Ron Howard returns to direct, having shepherded The Da Vinci Code to enormous commercial success three years earlier. By 2009, Howard was an established Hollywood veteran with a track record ranging from prestige drama (his Oscar-winning work on A Beautiful Mind) to broad family entertainment, and the Langdon series sat squarely in his wheelhouse of polished, mainstream filmmaking. Produced through his own Imagine Entertainment alongside Columbia Pictures, the film was a major studio production, shot on location across Rome and Vatican City (with some interior sequences recreated on set, given that the Vatican itself declined to grant filming access). The production design is undeniably impressive, whatever else one might say about the film.

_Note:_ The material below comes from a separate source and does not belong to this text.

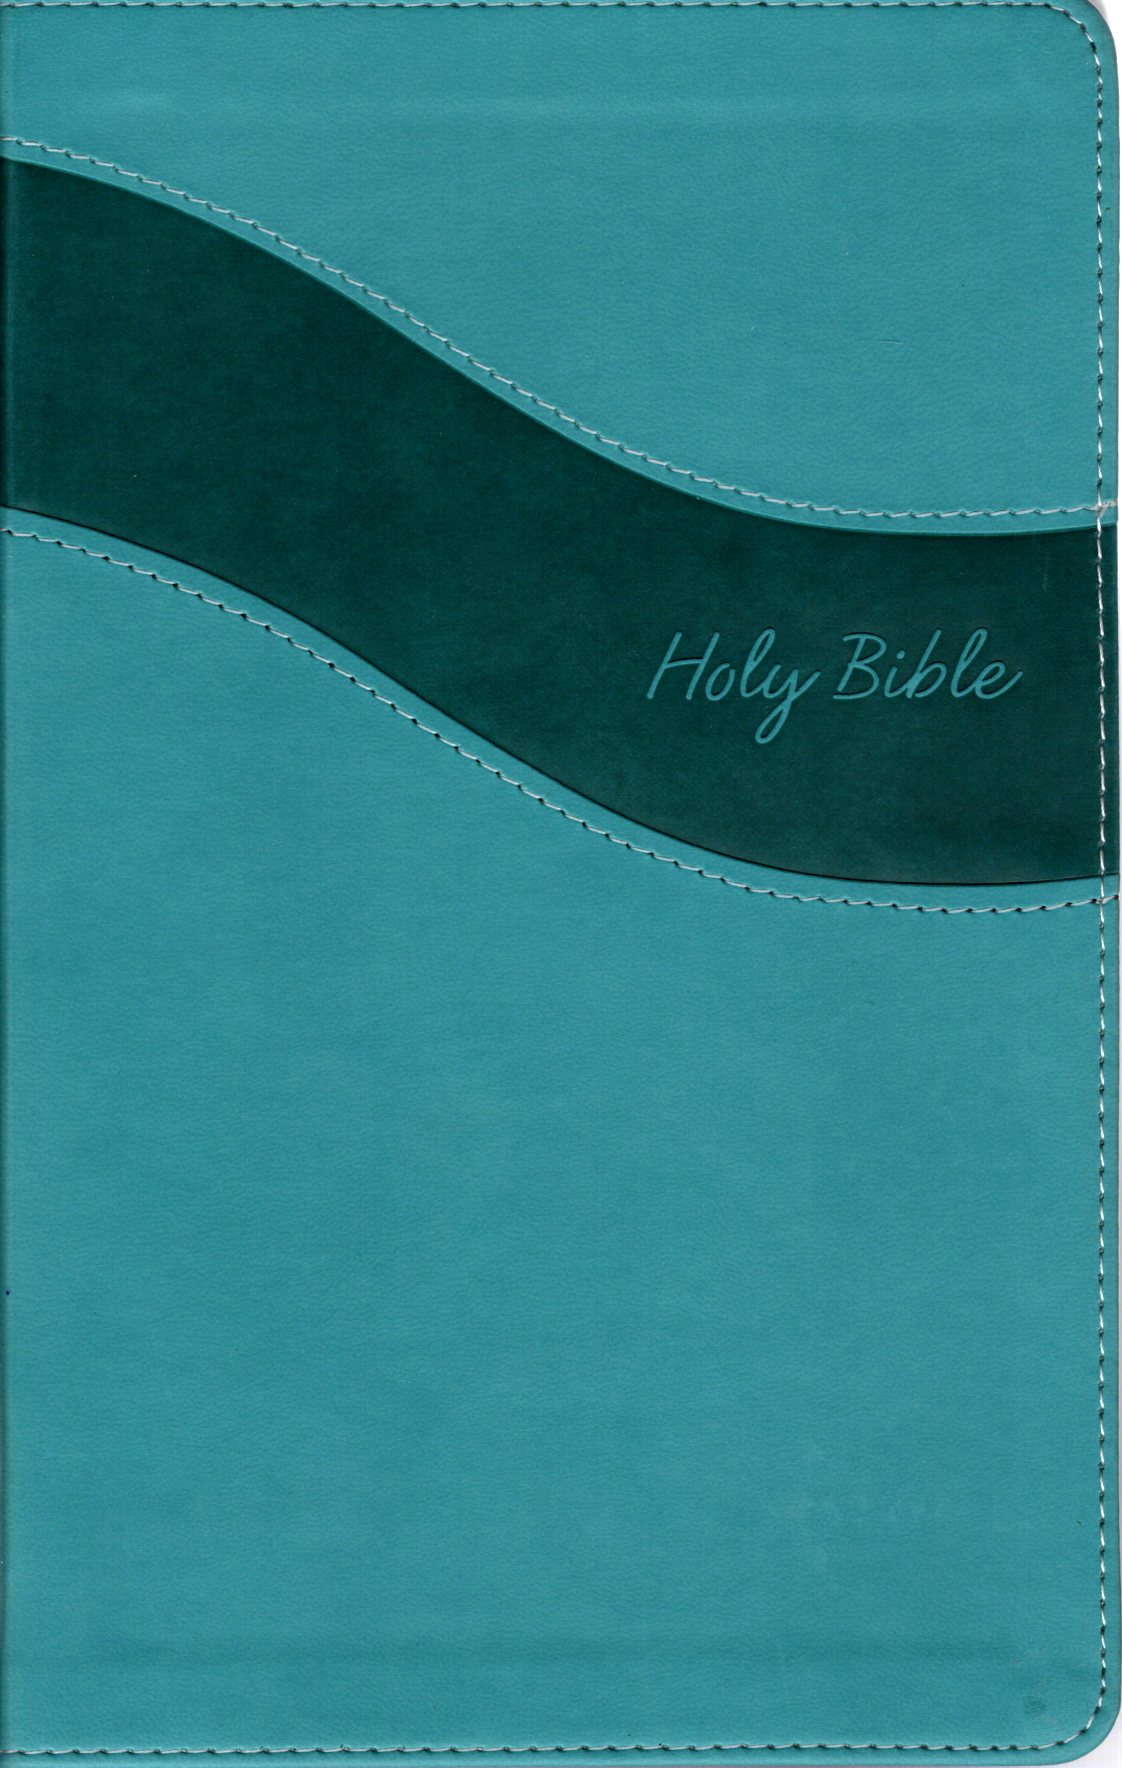 Zondervan NIV® Premium Gift Bible - Leathersoft™ (Turquoise)

Tom Hanks reprises his role as Langdon, bringing the same low-key, professorial charm he established in the first film. Alongside him, Israeli actress Ayelet Zurer plays physicist Vittoria Vetra, while Ewan McGregor takes on the role of the Camerlengo, the Vatican's acting chamberlain during the conclave. Stellan Skarsgård and Italian actor Pierfrancesco Favino round out a capable supporting cast. It is, on the surface, a well-assembled ensemble, and the Rome locations give the whole thing a visual weight that a lesser production would struggle to achieve. Whether the pieces add up to something genuinely satisfying is the question worth asking.

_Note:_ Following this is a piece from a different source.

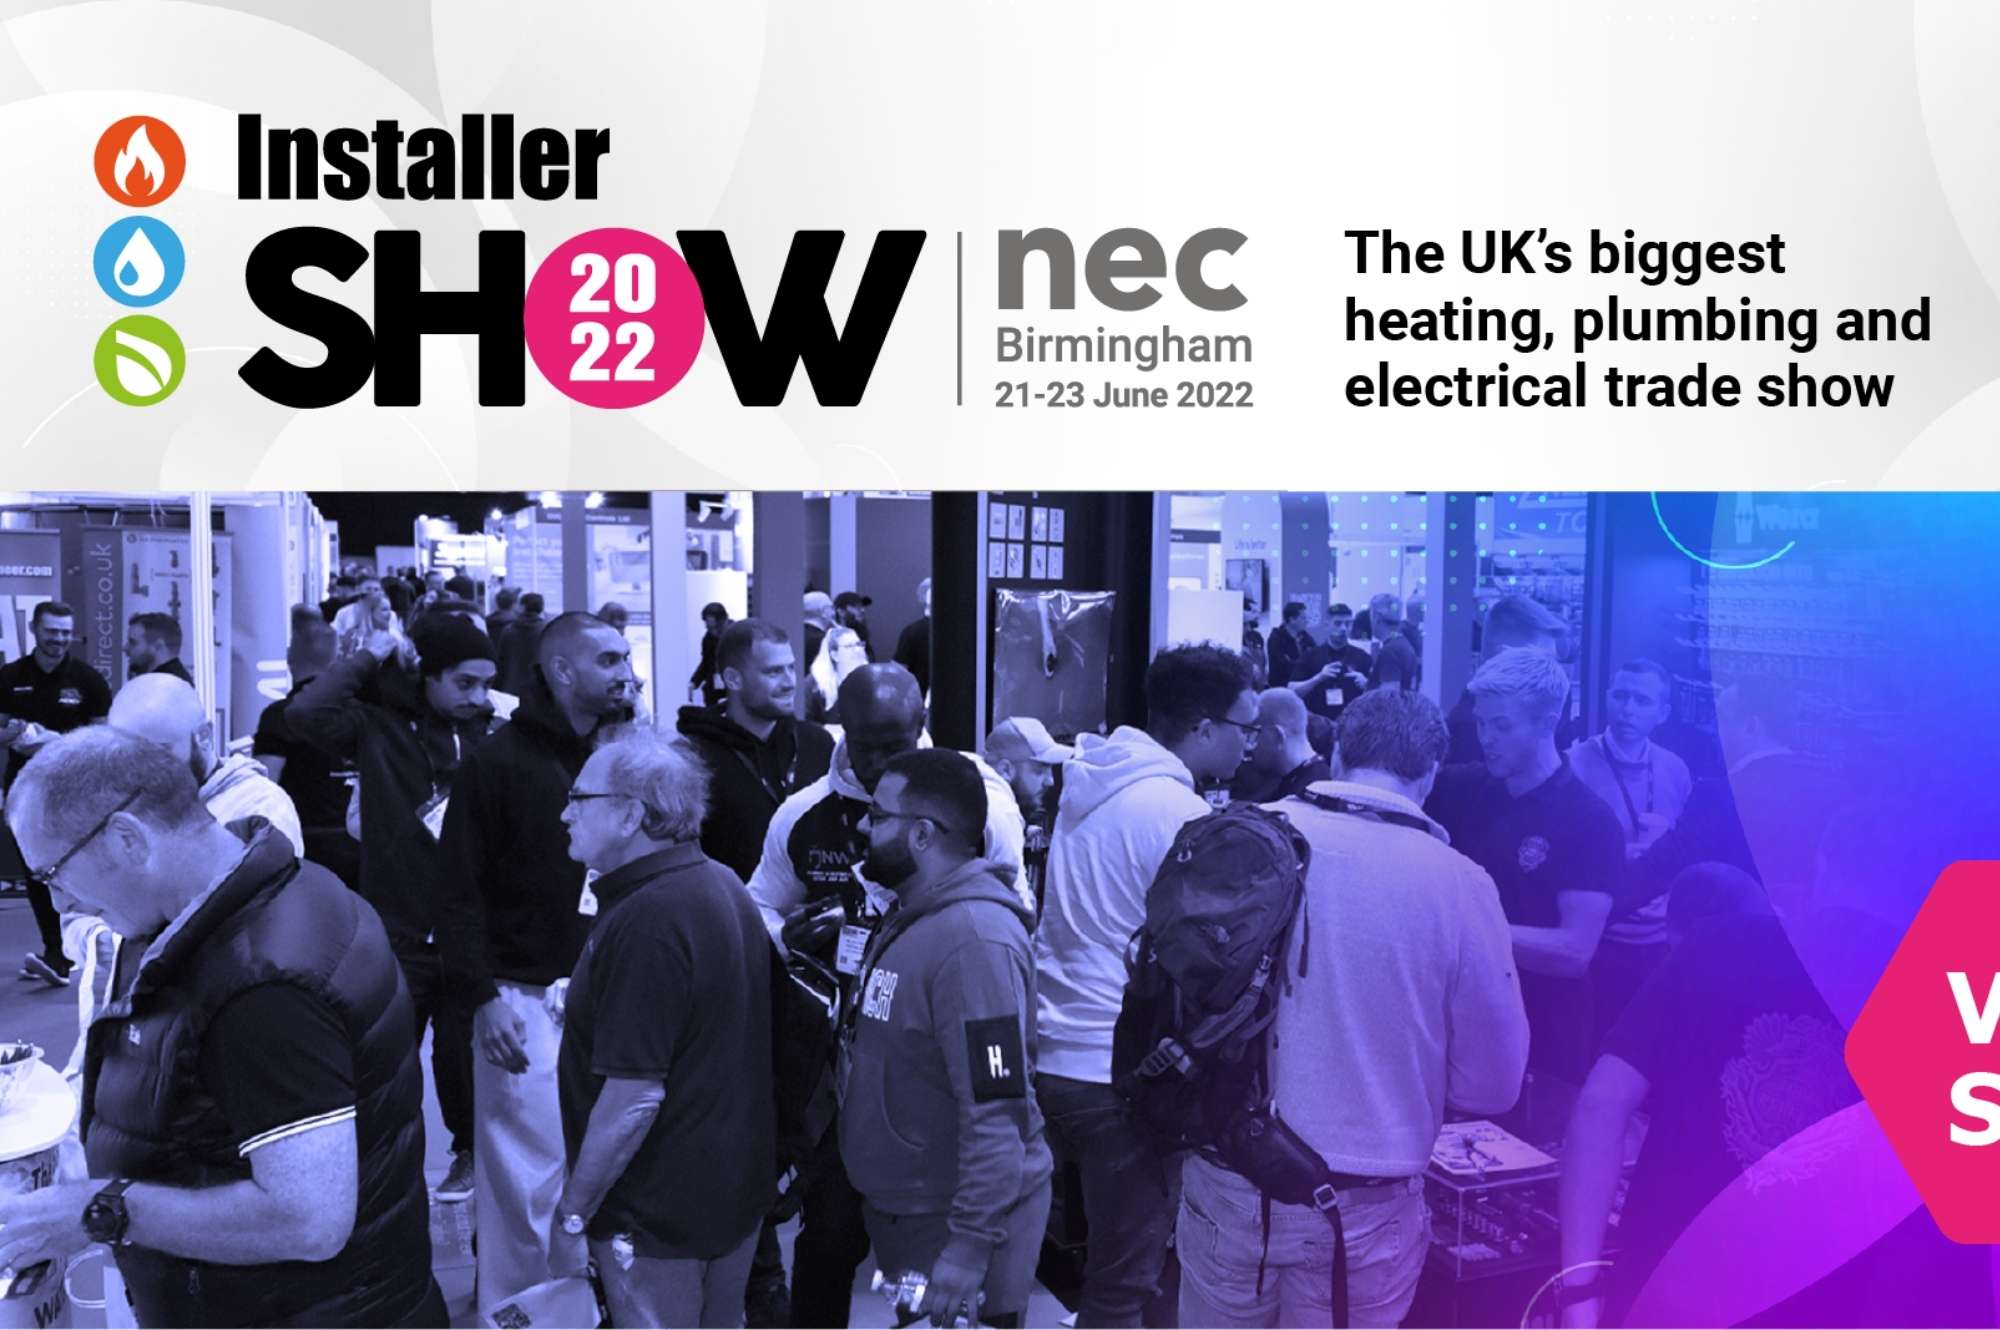 JTL joins the 2022 Installer Show at the NEC Birmingham

Angels & Demons (2009) reteams Tom Hanks, Ron Howard, and Dan Brown’s world of religious conspiracy, but this time, the magic is mostly gone. It’s not a bad film by any means, but compared to The Da Vinci Code, it feels flatter, more formulaic, and less intellectually engaging. The premise sounds thrilling on paper, and there are moments of tension, beautiful shots of Rome, and that familiar puzzle-solving rhythm as Langdon races against the clock. Hanks slips back into the tweed jacket with ease, and Ayelet Zurer brings quiet strength as physicist Vittoria Vetra. The visuals are strong, the score is suitably ominous, and the Illuminati backstory adds a layer of historical intrigue. But the plot moves like a checklist: clue, chase, church, repeat. The stakes feel manufactured, the twists predictable, and the deeper questions about science vs. faith get drowned out by over-the-top action and melodrama. It lacks the boldness of its predecessor, the sense that you’re uncovering something dangerous, forbidden. Instead, it plays like a standard-issue thriller wearing a smarter coat. There’s no real shock, no lasting impact. Watchable, polished, and occasionally exciting, but ultimately forgettable. An average entry in the genre, saved only by its setting and Hanks’ steady presence. Not heresy. Just… underwhelming.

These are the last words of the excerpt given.